Ossipoff poussa un cri de joie:
—Et cet appareil? dit-il.
—Cet appareil n'a jamais servi... le gouvernement que nous avions alors ayant décidé qu'il était peu sage de compromettre le bonheur parfait dont jouissait alors notre planète, en établissant des relations avec un monde dont nous ne connaissions ni les mœurs ni l'état de civilisation.
—Et tu penses, demanda le vieillard tout anxieux, tu penses que l'on pourrait mettre cet appareil à notre disposition?
Avant que Telingâ eût pu répondre, Gontran s'était avancé vers Fricoulet.
—Hein! lui dit-il, tu te moquais de moi tout à l'heure, que penses-tu maintenant?
—Aux innocents les mains pleines, grommela l'ingénieur.
Il se tourna vers le Sélénite et demanda:
—Mais si votre appareil est en tous points semblable à celui que vous nous avez décrit, le réflecteur doit avoir au moins un kilomètre de diamètre?
—Et pourquoi cela?
—Songez qu'il s'agit de faire parcourir au projectile une distance de douze millions de lieues...
—Pardon, fit Ossipoff, de six millions seulement; puisque c'est à cette distance que se trouvent contiguës les zones d'attraction de la Lune et de Vénus.
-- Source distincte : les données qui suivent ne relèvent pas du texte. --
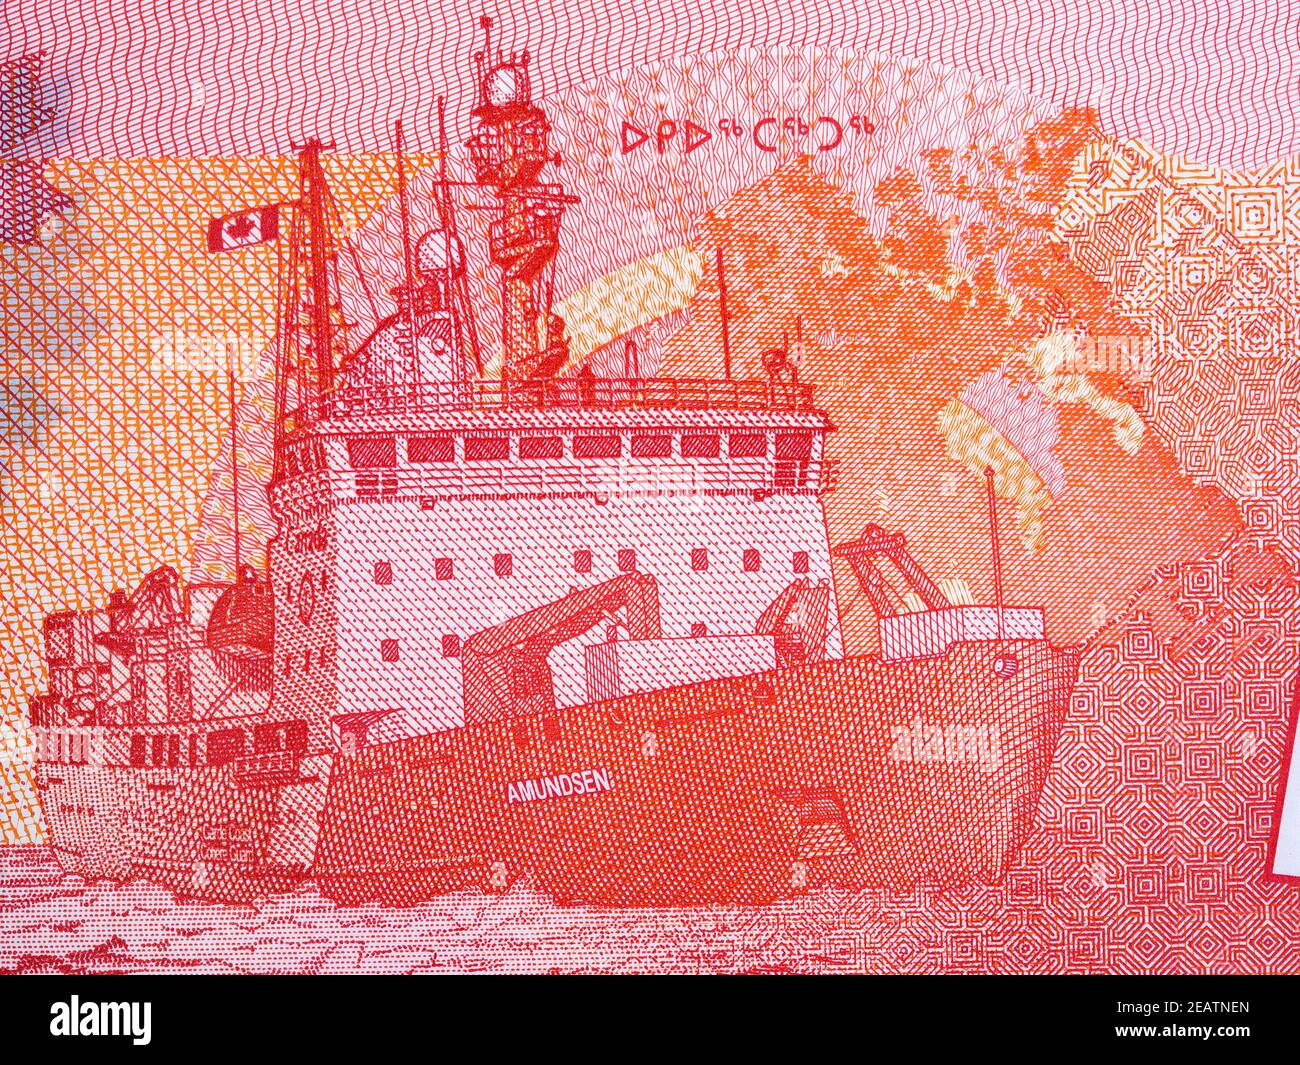 La Guardia Costera Canadiense Ship Amundsen en el Ártico, con dinero canadiense Foto de stock

—Or, dit à son tour le Sélénite, les constructeurs de l'appareil ont jugé que pour faire parcourir à un projectile une distance aussi dérisoire, il suffisait d'un réflecteur mesurant cinquante mètres de haut sur deux cent cinquante mètres de large.
L'ingénieur fit la moue:
—C'est peu, murmura-t-il.
Et s'adressant à Ossipoff:
—Ne trouvez-vous pas?
Le vieillard ne lui répondit pas; depuis quelques instants il était plongé dans une série de calculs prodigieux qui n'avaient pas couvert de chiffres, moins de trois pages de son carnet...
Enfin il poussa un soupir de soulagement et, tendant ses calculs à M. de Flammermont:
—Mon cher Gontran, dit-il, voyez donc si c'est exact.
Puis à Telingâ:
—Si vous n'y voyez pas d'inconvénient, fit-il, je choisirai Maoulideck comme point de départ; la situation de cette ville, au centre de votre hémisphère, me permettra de m'élever directement pour me soustraire plus rapidement à l'influence de la pesanteur et en même temps de profiter de toute l'influence des vibrations électriques...
Le Sélénite approuva muettement d'un signe de tête.
—Vous êtes bien certain, demanda en ce moment M. de Flammermont, qui examinait avec un sérieux imperturbable, les calculs à lui soumis par Ossipoff, vous êtes bien certain de ne pas avoir fait d'erreur?
Le vieillard tressaillit et se rapprochant du jeune homme:
—Me serais-je par hasard trompé, demanda-t-il? après tout, c'est bien possible.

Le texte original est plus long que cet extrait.